Missing features - TODO
- refactor 'get_geojson_reprojected' using 'get_prediction_georeferenced' (surferdtm-api)
- try to do ML roboflow/detectron2 inference directly in aws lambda graviton, see
- https://ryfeus.medium.com/machine-learning-inference-on-aws-lambda-functions-powered-by-aws-graviton2-processors-eae8de8f7043
- https://community.arm.com/arm-community-blogs/b/tools-software-ides-blog/posts/aarch64-docker-images-for-tensorflow-and-pytorch
- https://github.com/aws/aws-graviton-getting-started/blob/main/containers.md
And also for suferdtm "reverse approach":
- analyze not the entire mountain polygon areas but only squares surrounding local peaks in DEM
Already DONE
- add docstrings documentation rendered with sphinx
- write tests for backend (surferdtm-api)
- add auth to lambda function
- display geojson polygons on web map
- georeferenced json response from roboflow
- request to roboflow
- georeferencing mask
- slope-dem-curv => rgb
- crop merged raster
- docker image with osgeo/gdal => aws lambda
- parallel requests with asyncio/aiohttp/aiofiles
- instance recognition with roboflow (detectron2?)
- images collection using
surfacedtmfor train an instance recognition detectron2 model - statistical model based on comparison between quantitative geomorphic features from mountains and volcanoes (roughness index, ...)

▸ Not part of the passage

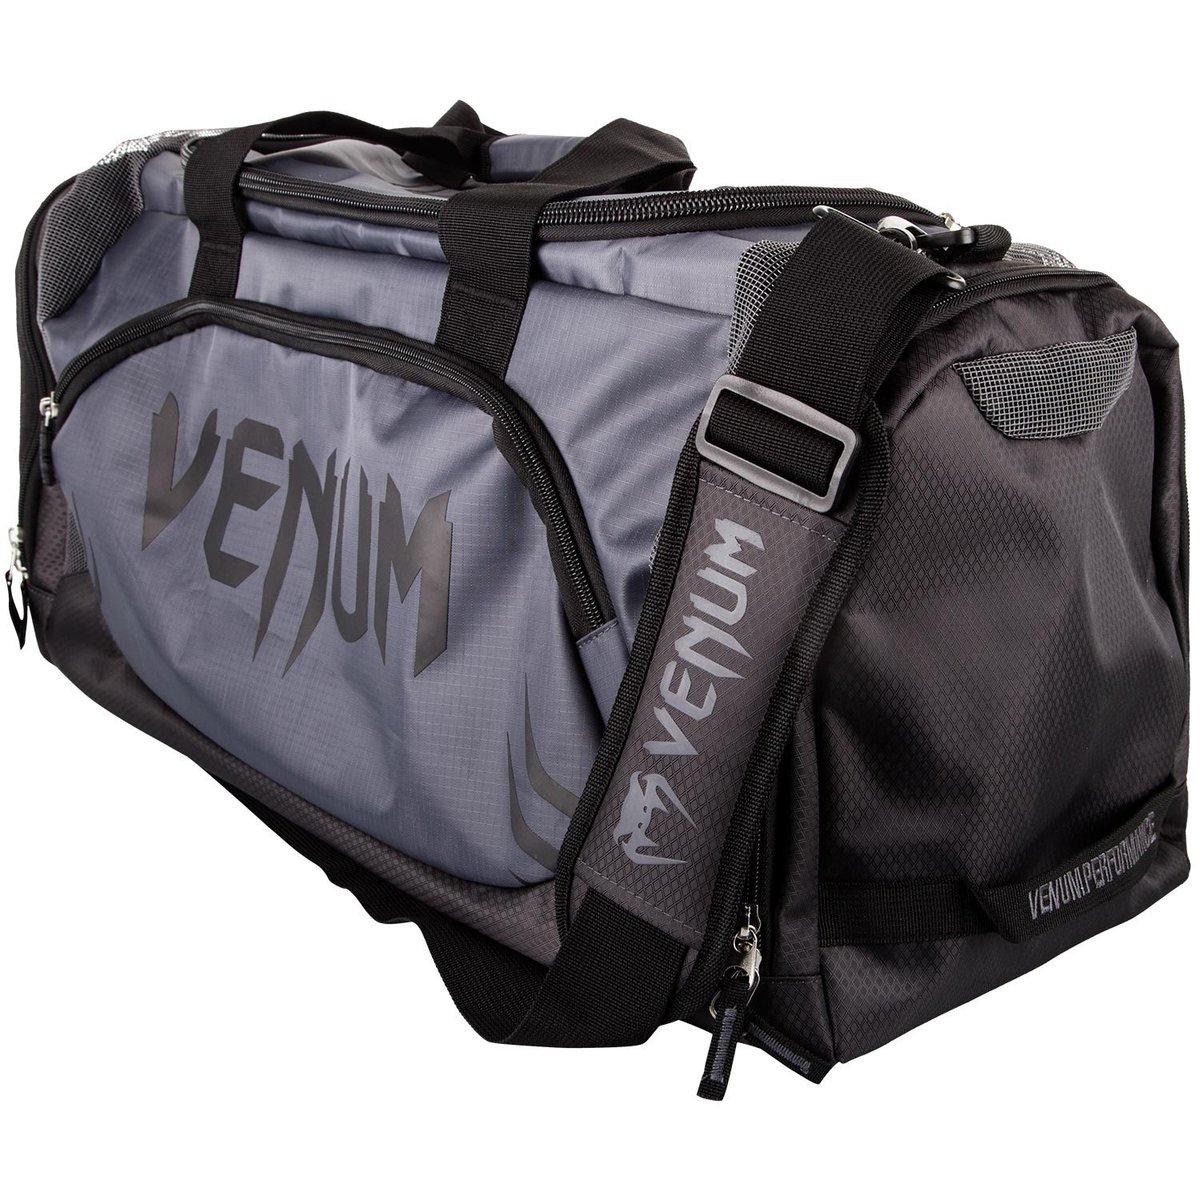 taška VENUM - Trainer Lite Sport - Grey/Grey - VENUM-2123-432

Technical stack and serverless architecture
I based this work on Mapzen Terrain Tiles because this data set contain both terrestrial and bathymetric elevation data.
The frontend is written in vue3 and deployed on netlify. To use some remote resources while avoiding CORS issues I use the netlify functions as a middleware.
The serverless backend is an AWS lambda function written in python, bundled in a docker image because of the dependencies bundle's size. To reduce the task complexity I based my container on the gdal's osgeo docker image (the ubuntu-small one).
As authentication layer I choose auth0; for data persistence I choose mongodb and to obtain machine learning inference I created an instance detection machine learning model on roboflow.